Glaser points to MIT as an example of how the talentshed can work. For instance, MIT has 11,000 students enrolled and brings in about $1 billion in funding. Yet, those standard numbers, while impressive, don’t tell the whole impact story. Glaser cited a 2014 study by MIT that took into account the wider network of people affiliated with the university, including the 104,000 living alumni of the school. Using extrapolation techniques, the study estimated the total economic impact of the university in terms of the number of people employed, revenue generated and companies created. He also recognized Innovate Carolina’s method of using its startups database and impact dashboard to measure and report the economic impact of UNC-Chapel Hill – which includes 454 active startup companies that earned $11.2 billion in annual revenue and employed 71,000 people in 2017.

Institutions that think with this kind of broad perspective will have an edge, Glaser notes. “I’d argue that schools need to begin thinking about ‘Where are my people going, what do they do and how can I align my physical environment to support more and more of those folks?’” he says. “One of the questions is: ‘Is there a way of allowing more of that network to connect back to the university?’”

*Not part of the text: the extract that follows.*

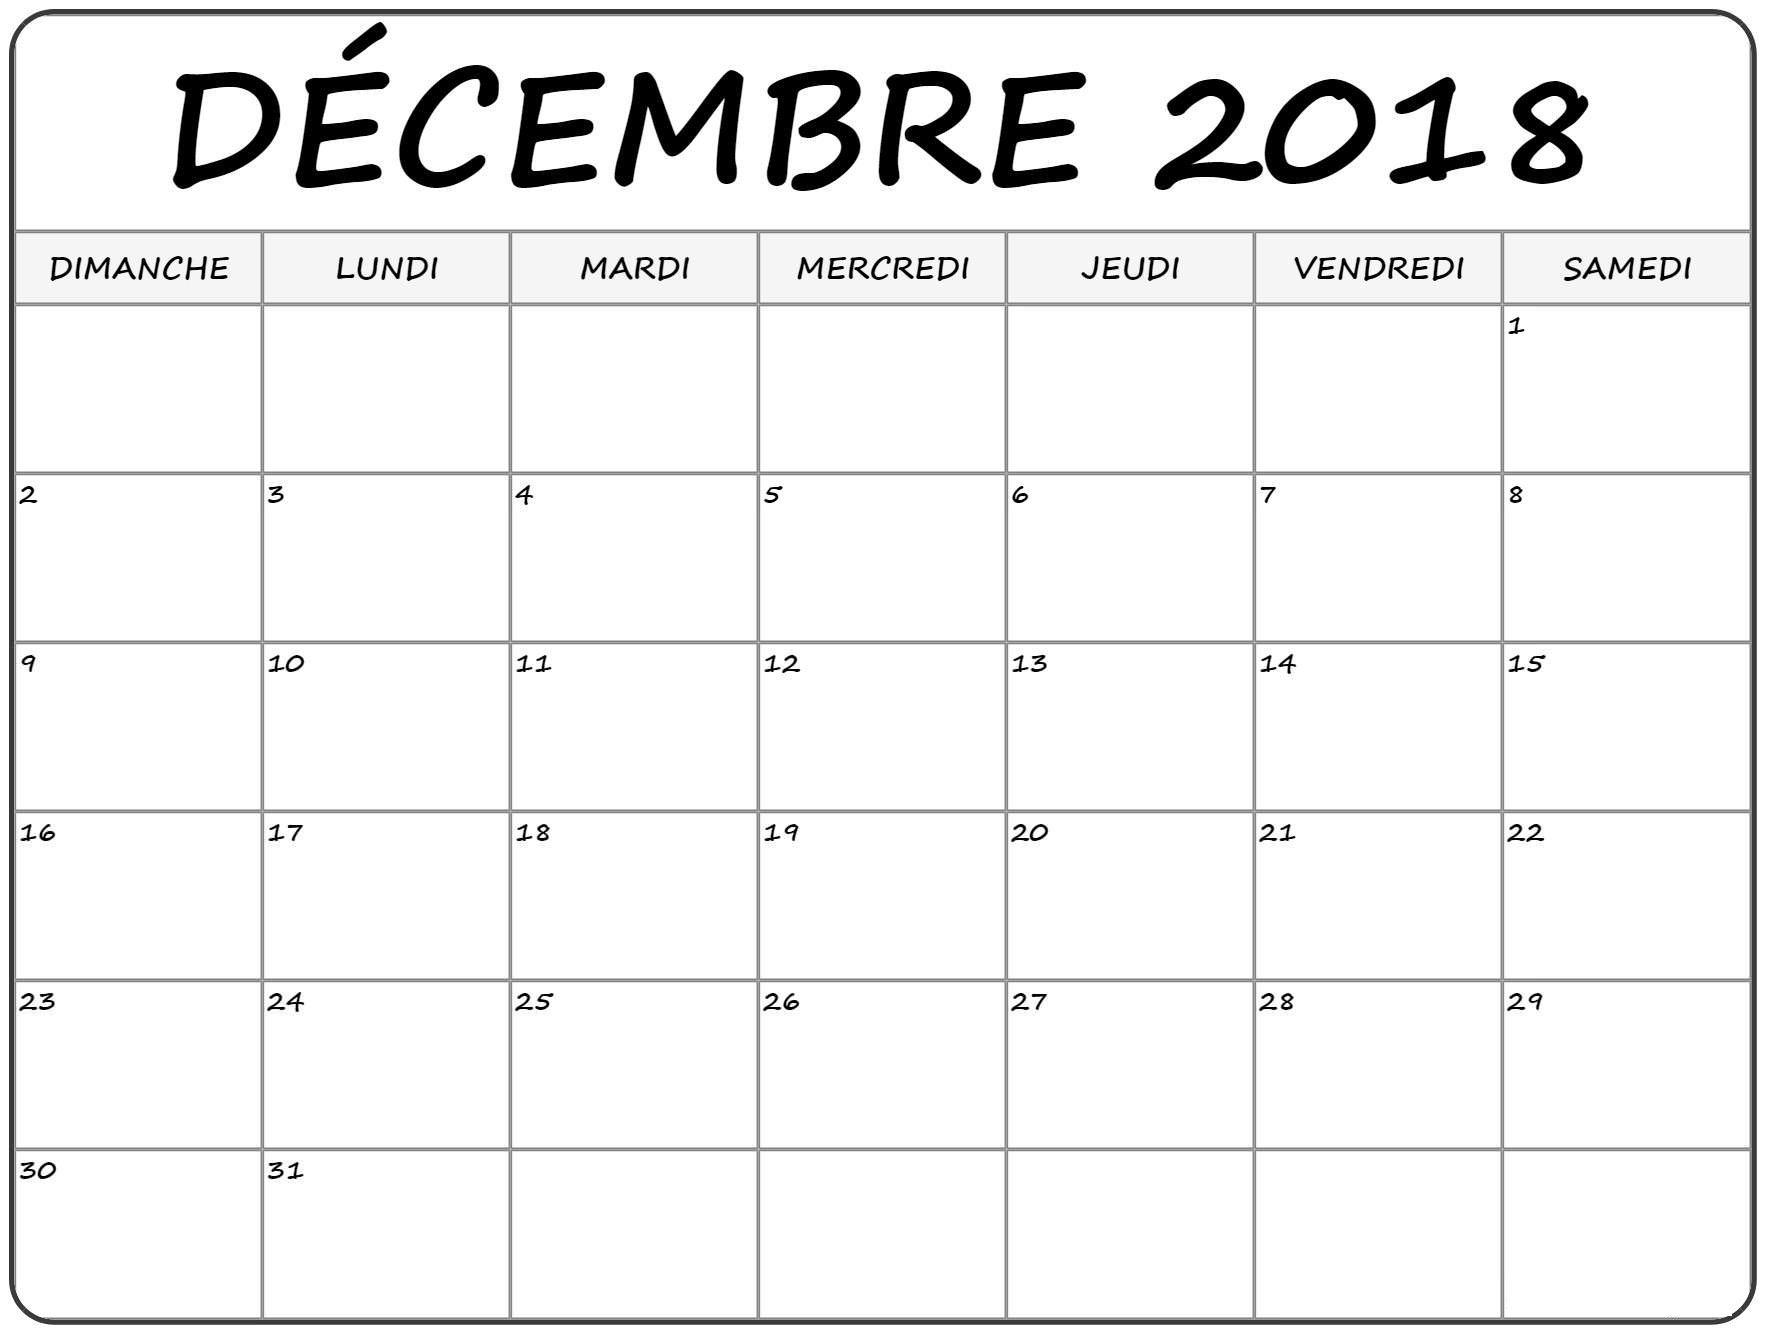 Calendrier Décembre 2018 | Word Search Puzzle, Calendar, Words à Planning Annuel 2018

3. Subscription real estate: A regional, open network of co-working spaces

What if universities could band together to help a region attract the real-estate equivalent of numerous Amazon HQs, Sears Towers or Apple office parks? That kind of major economic impact on regional scale is possible, says Glaser, if universities within a region use inventive thinking to work together and offer shared co-working space to their networks of alumni, students and faculty. People could pay a subscription fee to be part of the network, which would offer them co-working space and other resources, like mentorship and business development services.

As an example of an area where this model might succeed, he cites Chicago, which anchors a Midwest region that includes 60 tier-one and tier-two institutions that span into states like Michigan and Indiana.   

“What would happen if all these schools got together and created shared real-estate assets and educational assets?” Glaser asks. His analysis indicates that if 10 percent of the 4 million students drawn to the wider Chicago region participated in a co-working space network, it could add up to a 60-million square real estate footprint and a minimum of $3.5 billion in revenue.

“When you think about economic development, you’re always thinking about how can you bring HQ2 to me. This is far more HQ2s and no one is asking for tax dollars,” Glaser notes.

For universities and their students, alumni and network of partners, the subscription real-estate model could offer flexibility in terms of work and economic engagement. “Going forward, universities are going to be saying, ‘Do you want to be self-employed? Do you want to be an entrepreneur? Do you want to be able to work with multiple companies?’” Glaser says. “You can see how suddenly you can begin to think regionally about real estate in a very fundamental way.”